## Work order
Exact copy, no pictures: return only the lines below from the line with "Kidney Vector Icon Design" up to and including the line with "Waggle Black Hat - Sample".

## Records to use
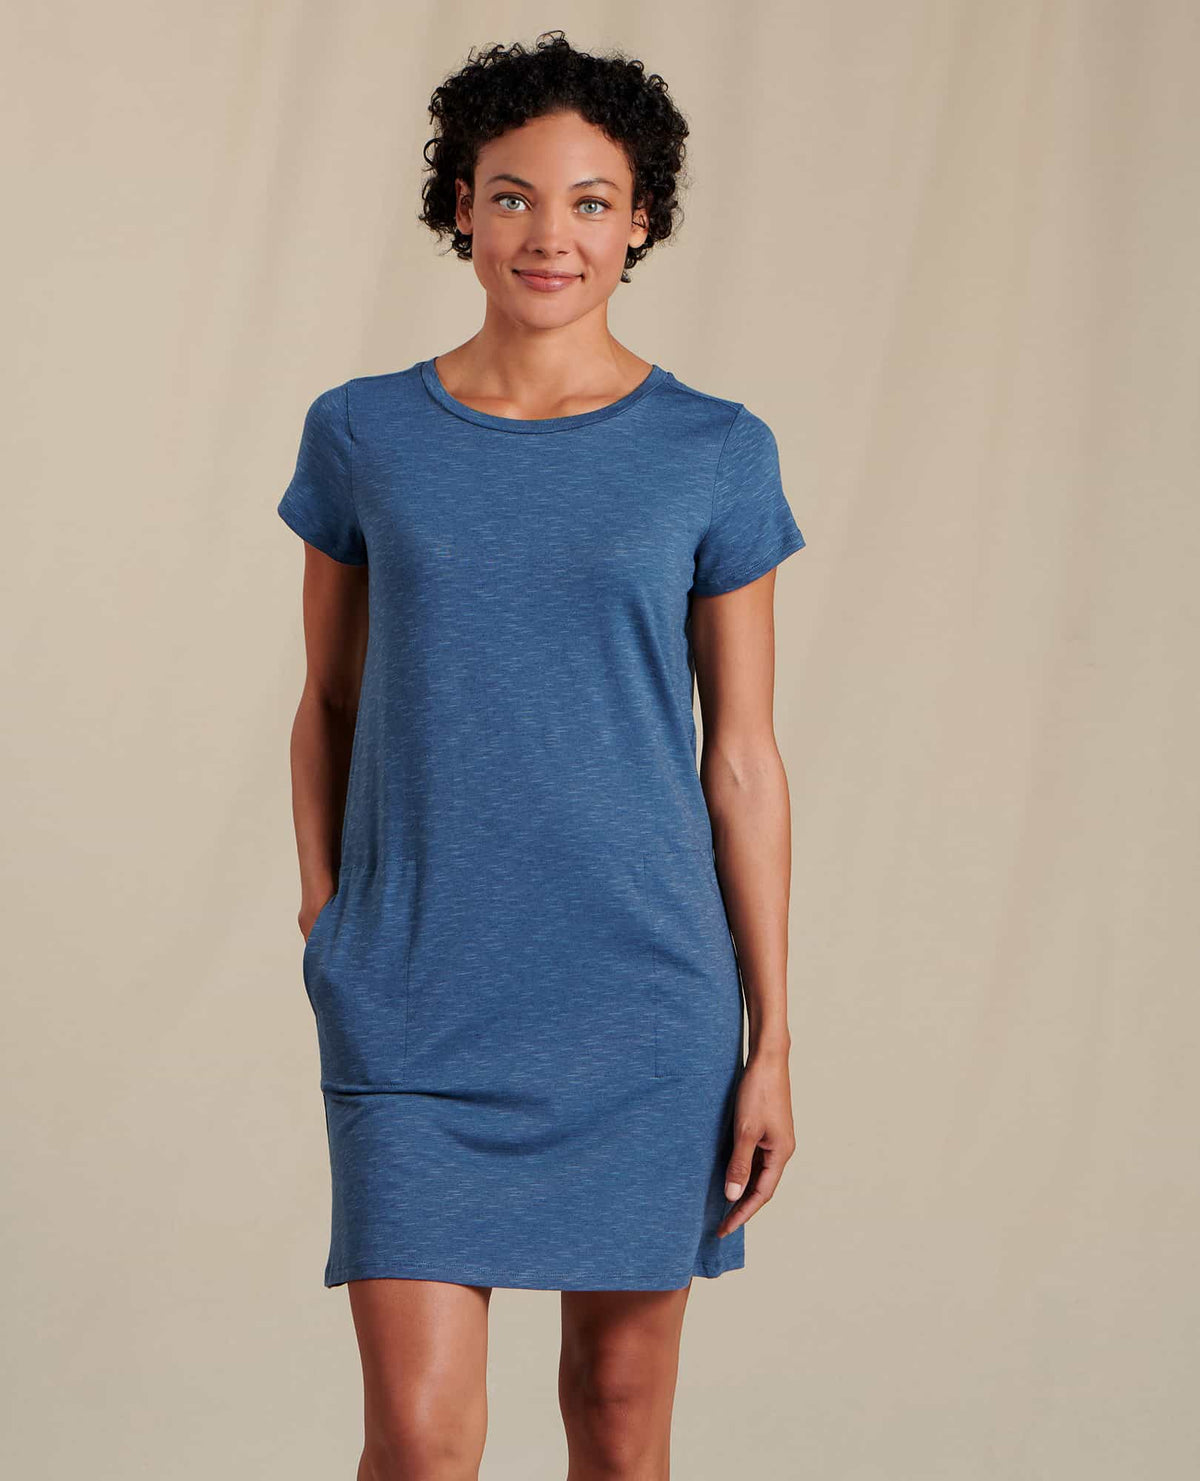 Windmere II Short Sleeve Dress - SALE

---

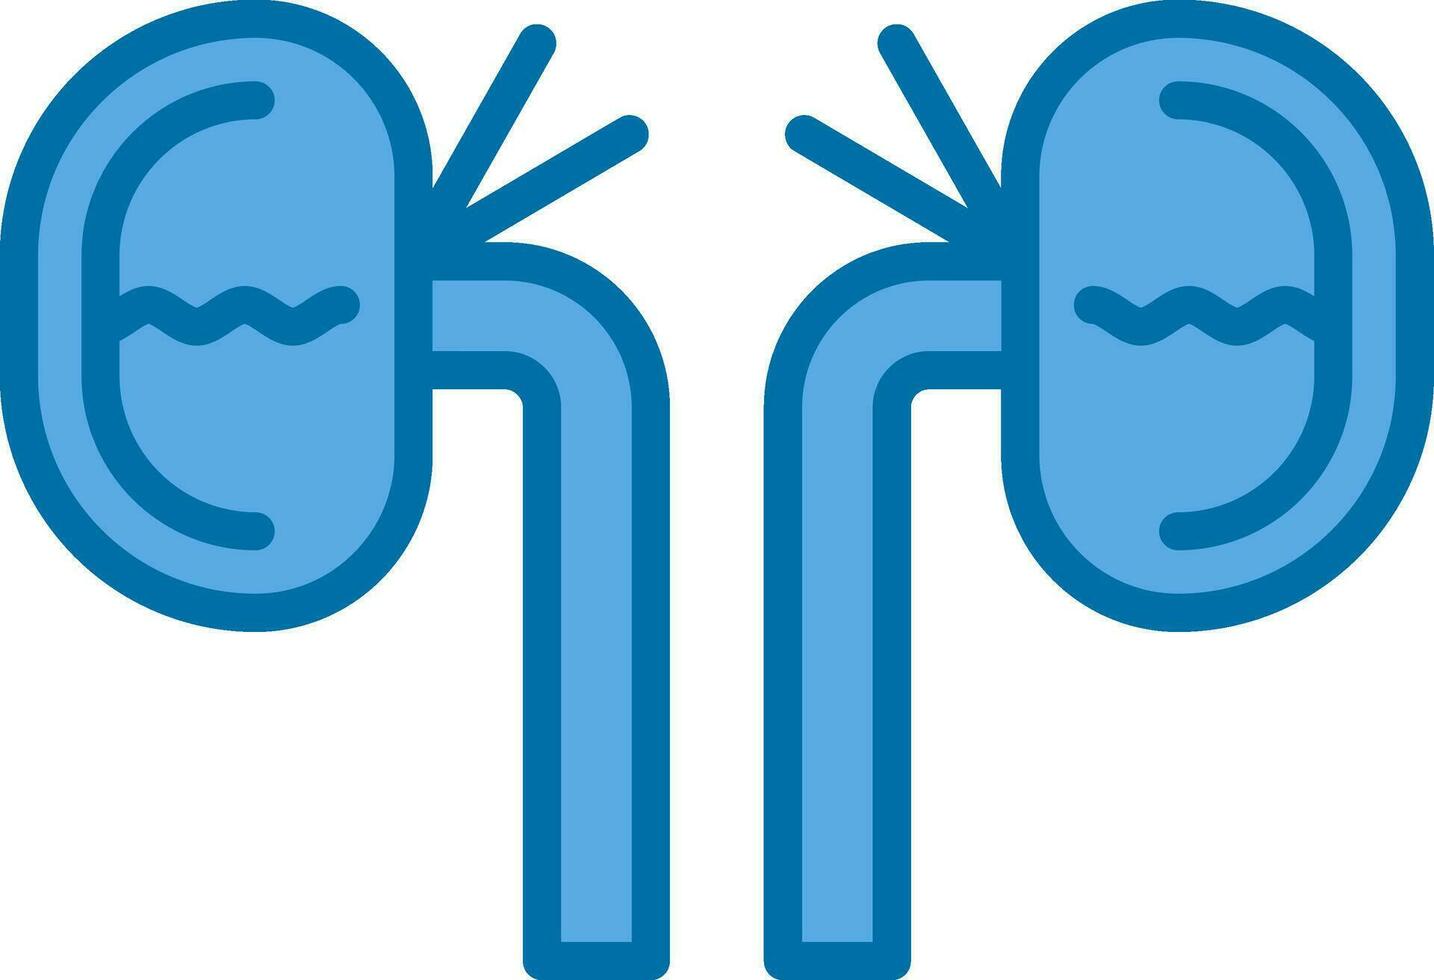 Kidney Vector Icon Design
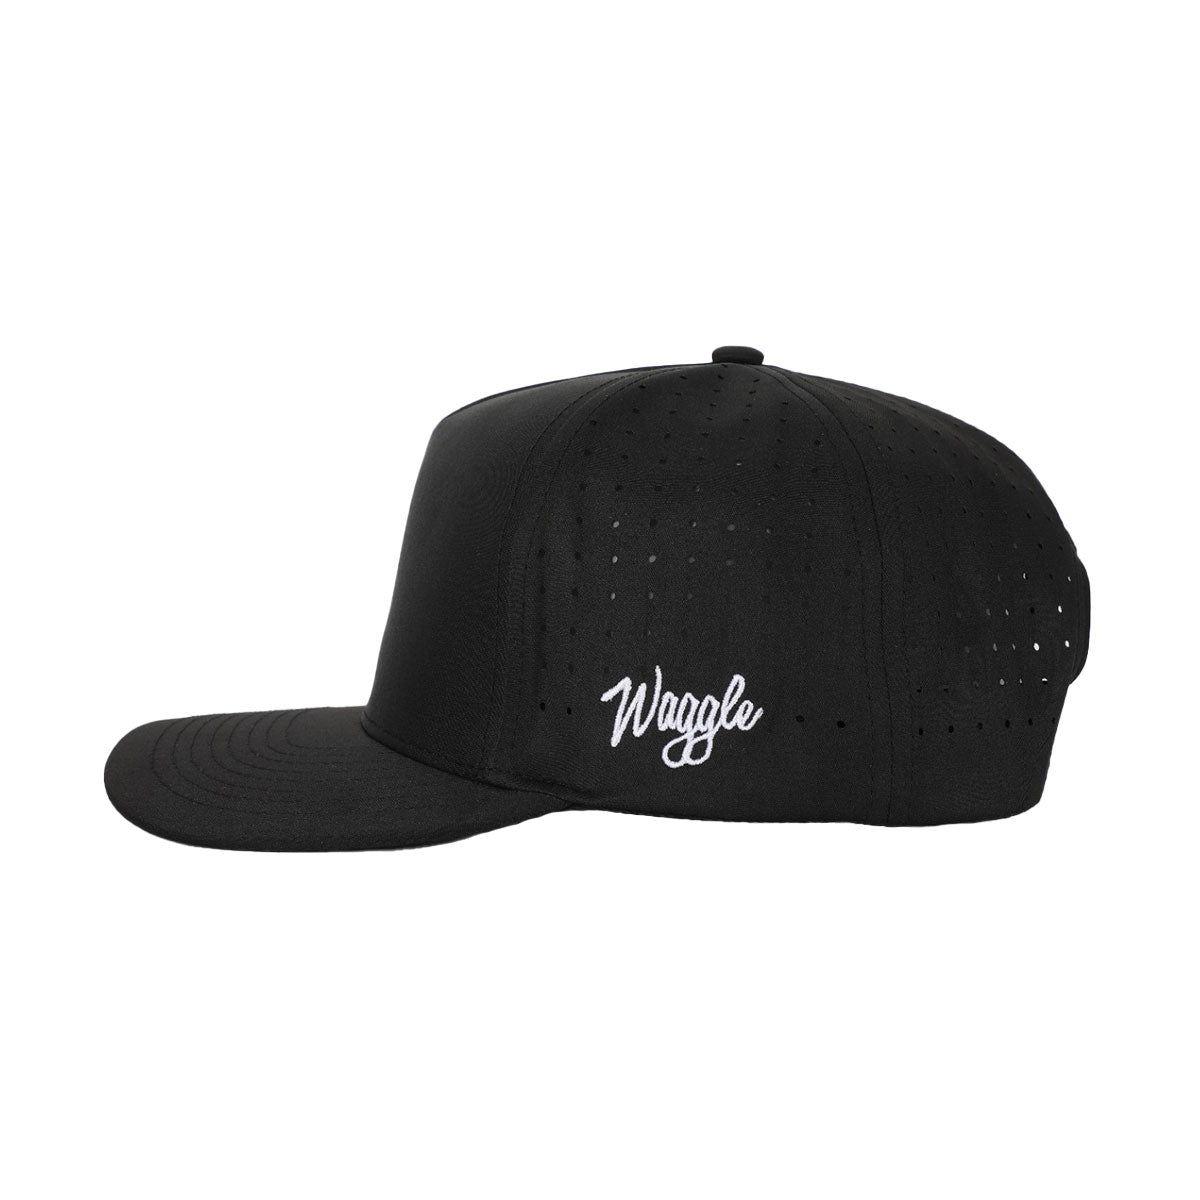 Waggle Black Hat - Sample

## Problem solution
 Kidney Vector Icon Design
 Waggle Black Hat - Sample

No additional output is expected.